Supplied entries Block Start

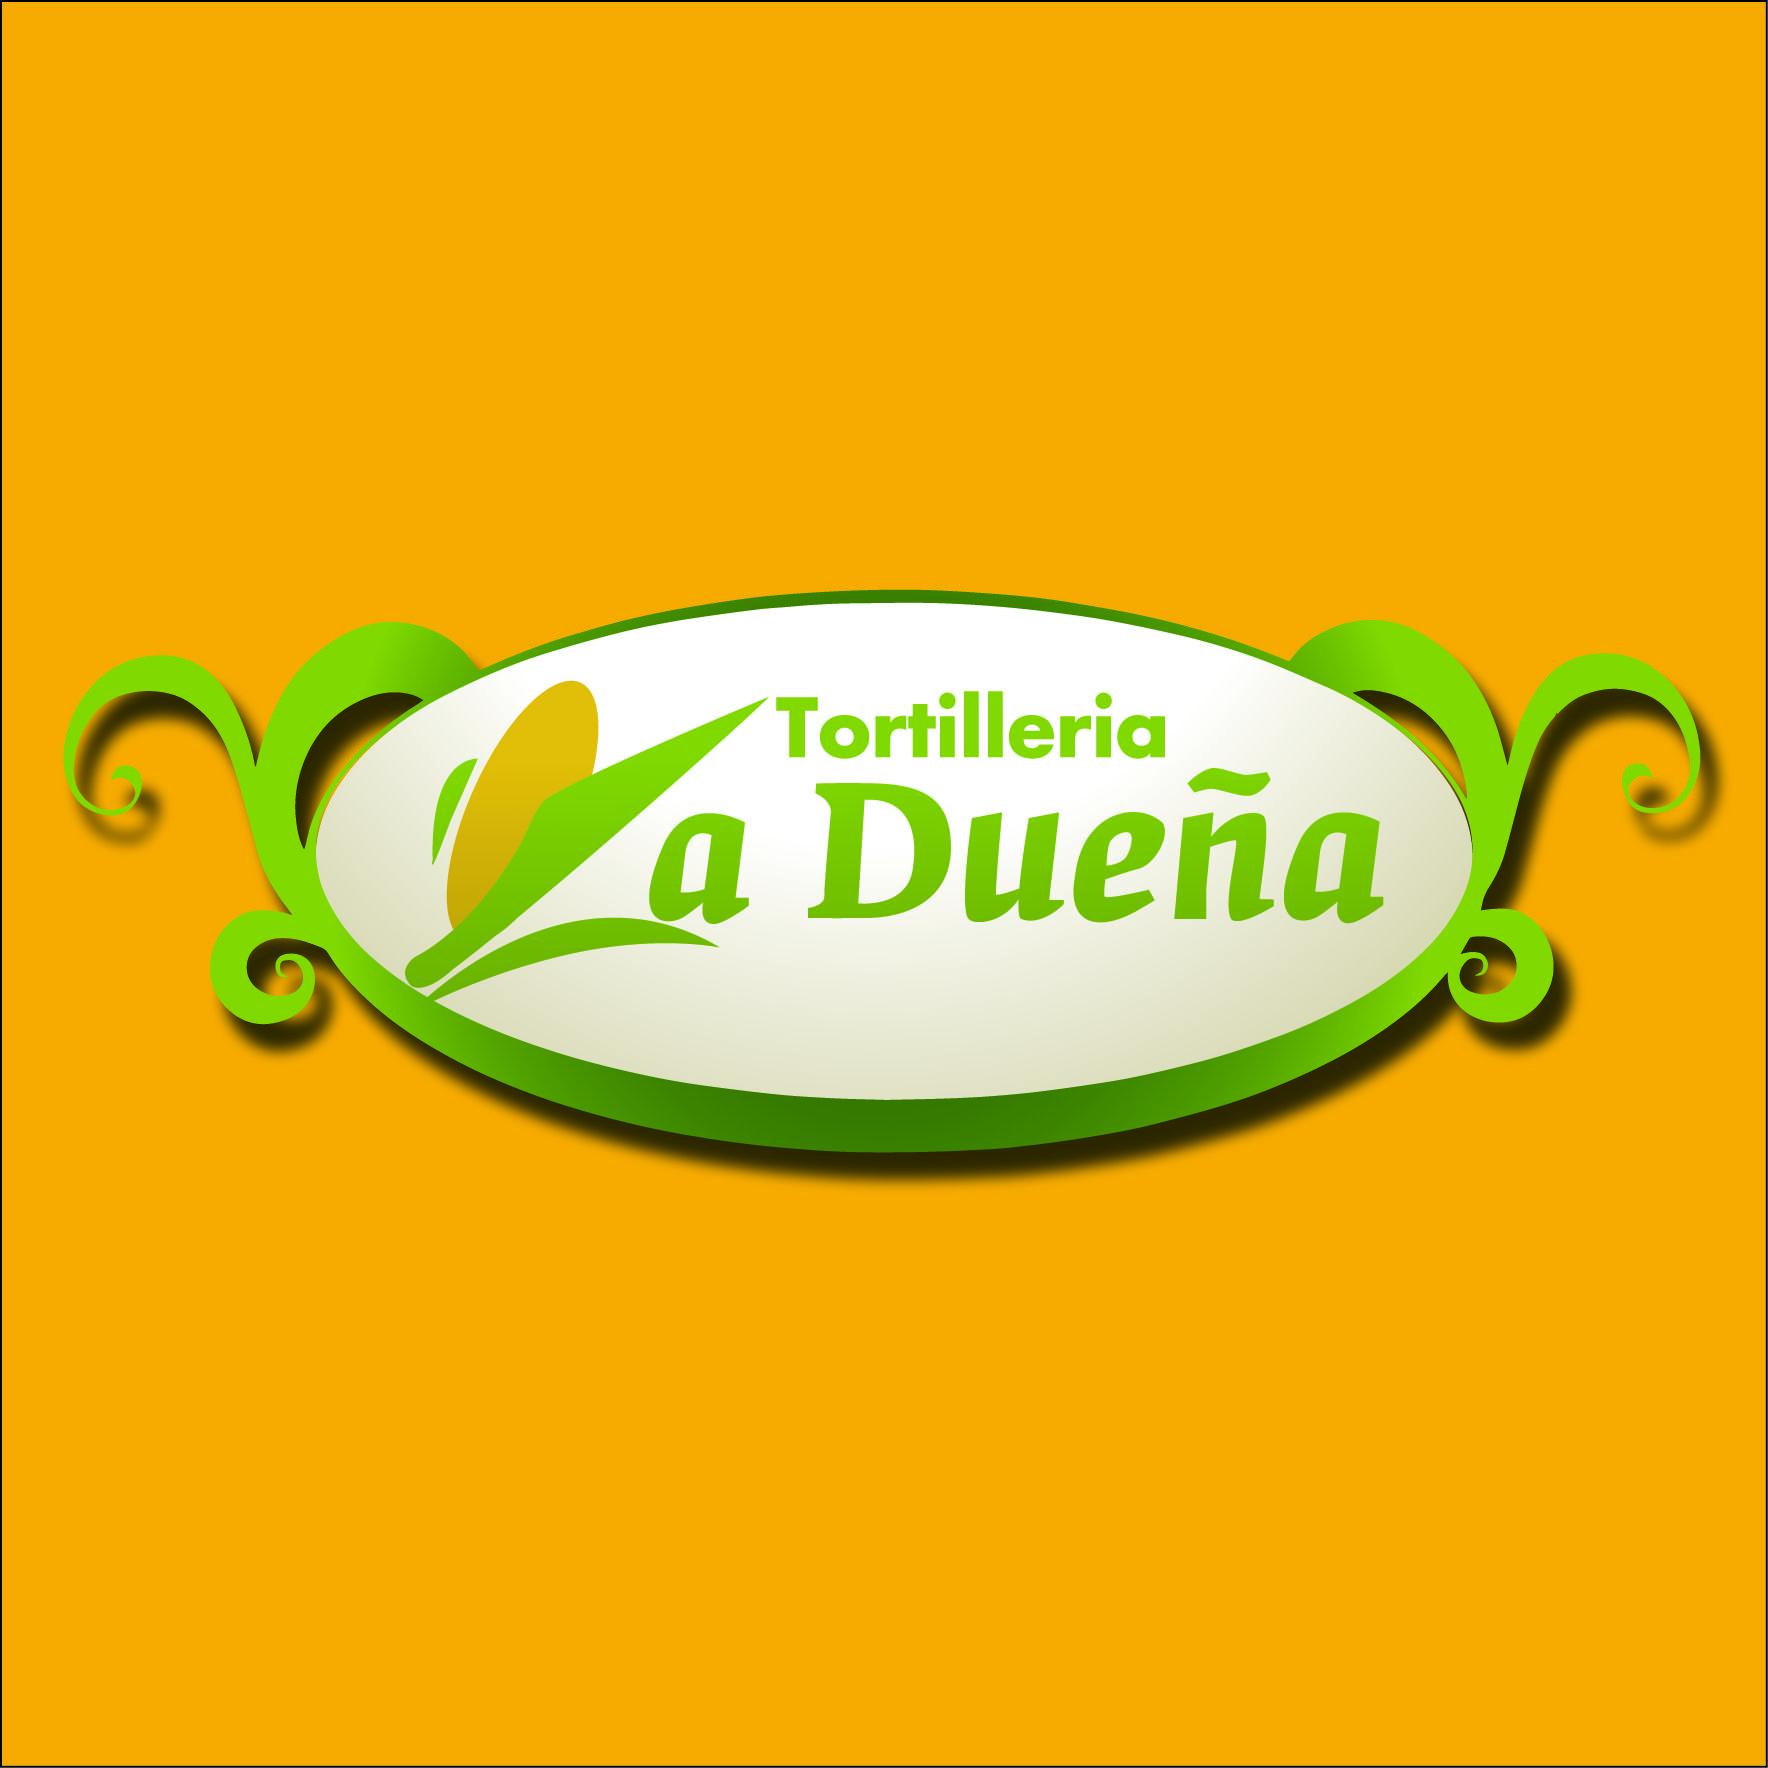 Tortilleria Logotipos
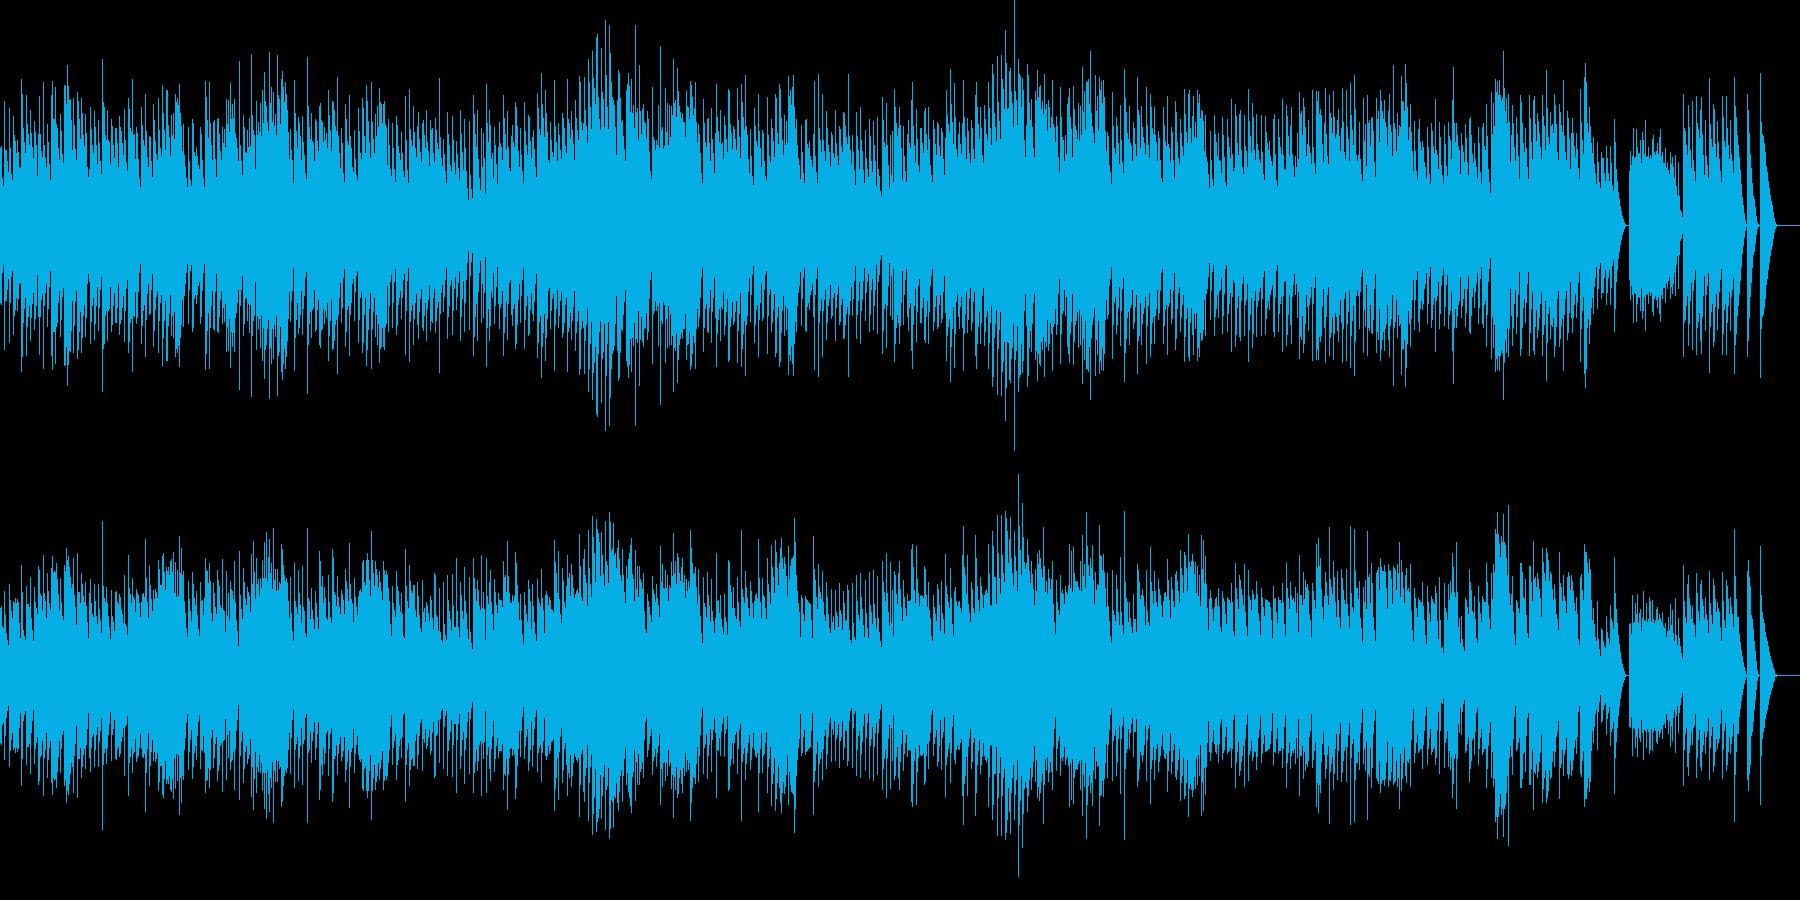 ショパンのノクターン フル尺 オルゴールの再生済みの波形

Supplied entries Block End
Supplied entries Block Start

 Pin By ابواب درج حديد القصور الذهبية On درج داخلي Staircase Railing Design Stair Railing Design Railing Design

Supplied entries Block End
Supplied entries Block Start

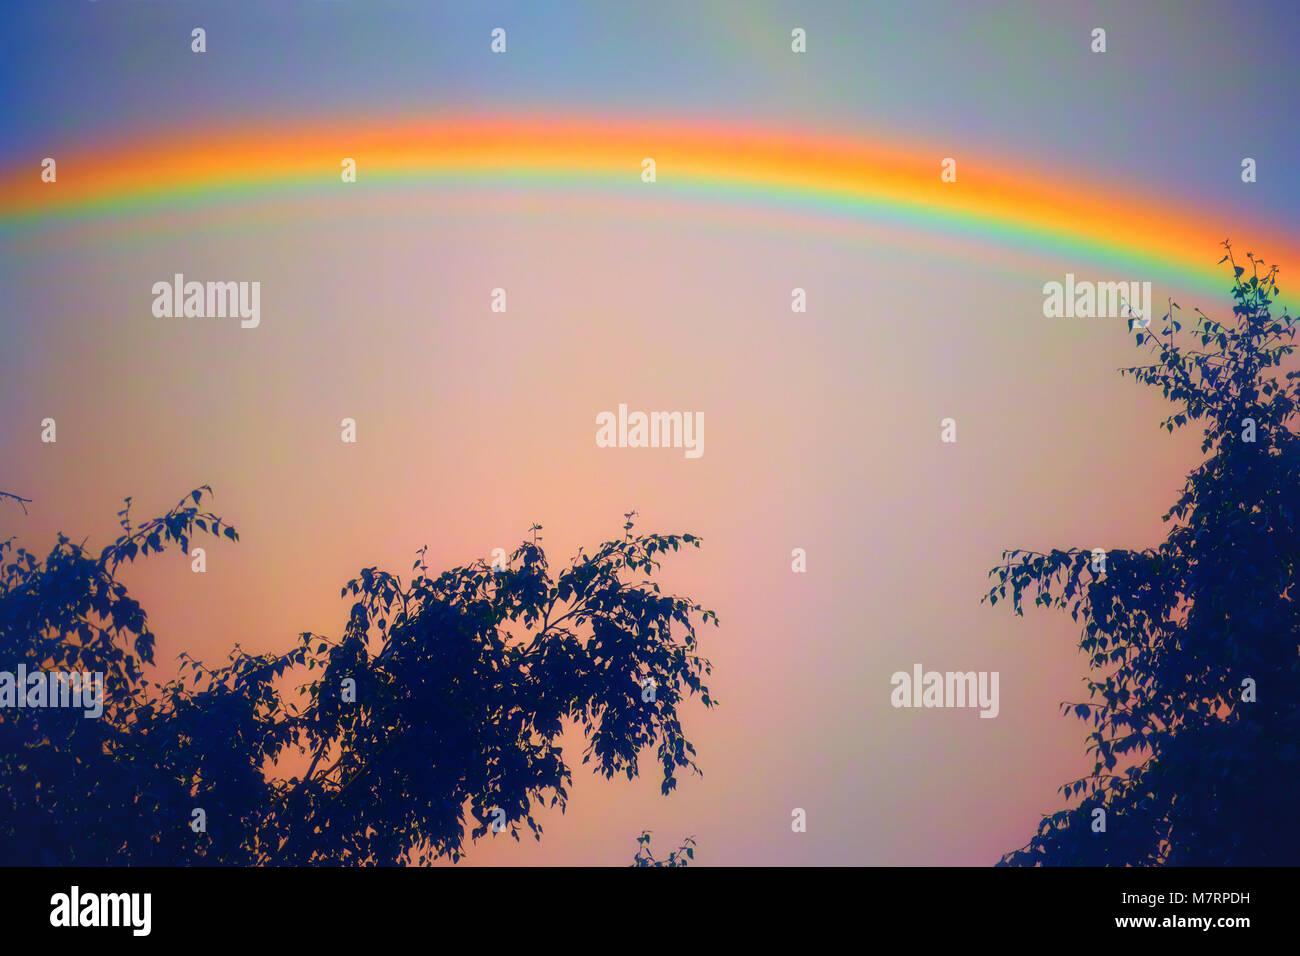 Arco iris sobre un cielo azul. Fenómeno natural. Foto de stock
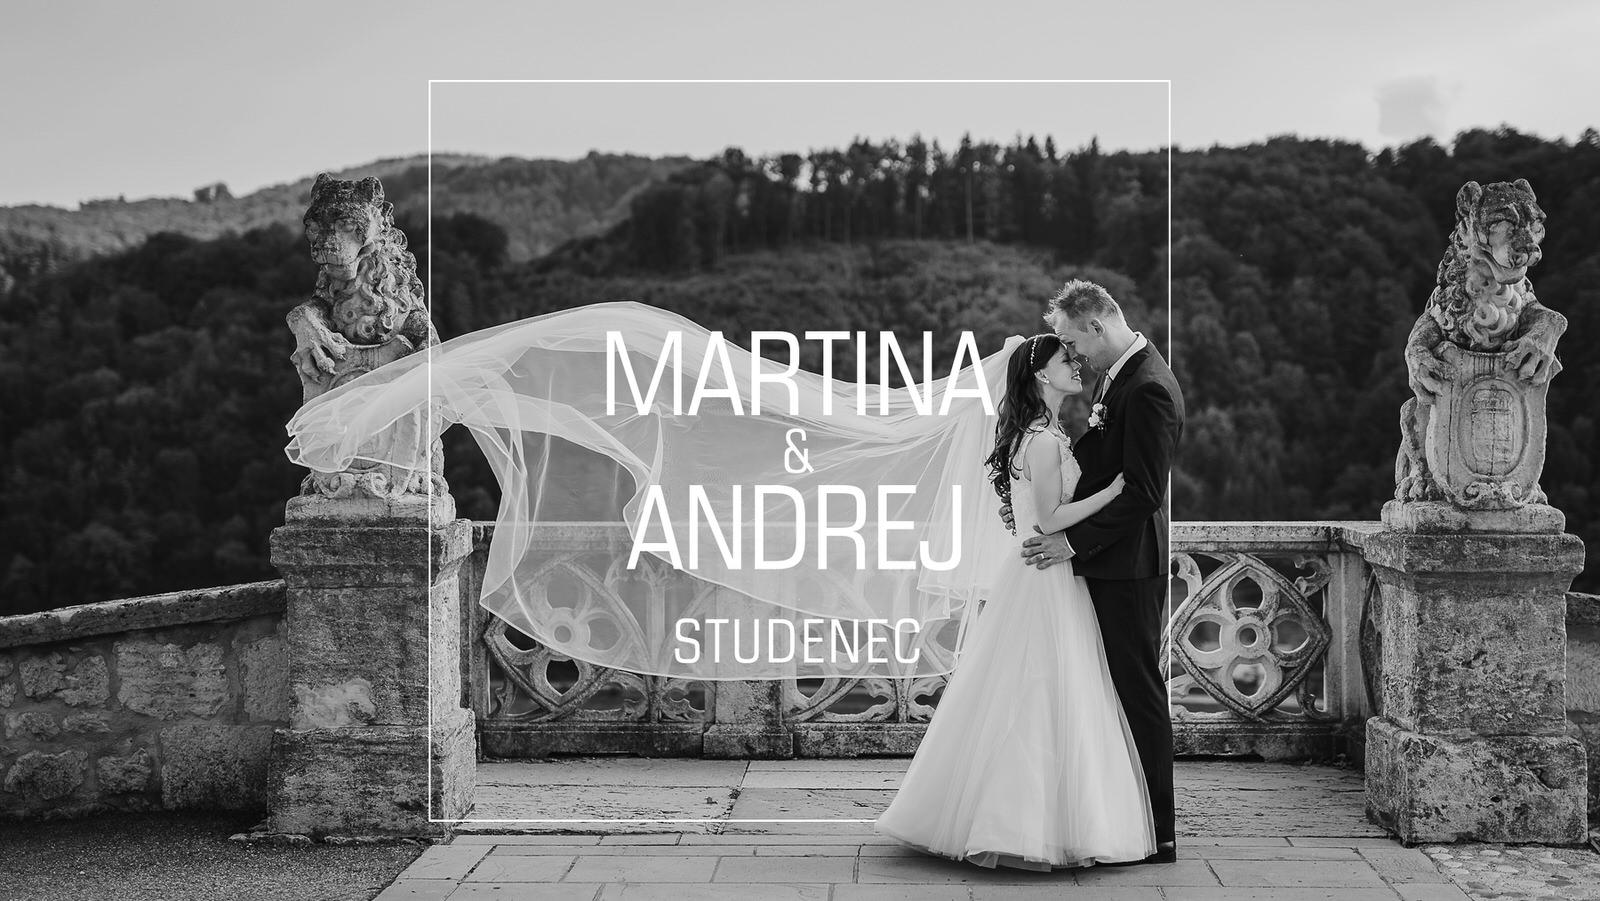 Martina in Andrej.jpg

Supplied entries Block End

**Exercise instructions:** Above, find the line holding "Tortilleria Logotipos" and the line holding "ショパンのノクターン フル尺 オルゴールの再生済みの波形". Print exactly those two lines and every line between them, but no pictures.

**Result below:**
 Tortilleria Logotipos
 ショパンのノクターン フル尺 オルゴールの再生済みの波形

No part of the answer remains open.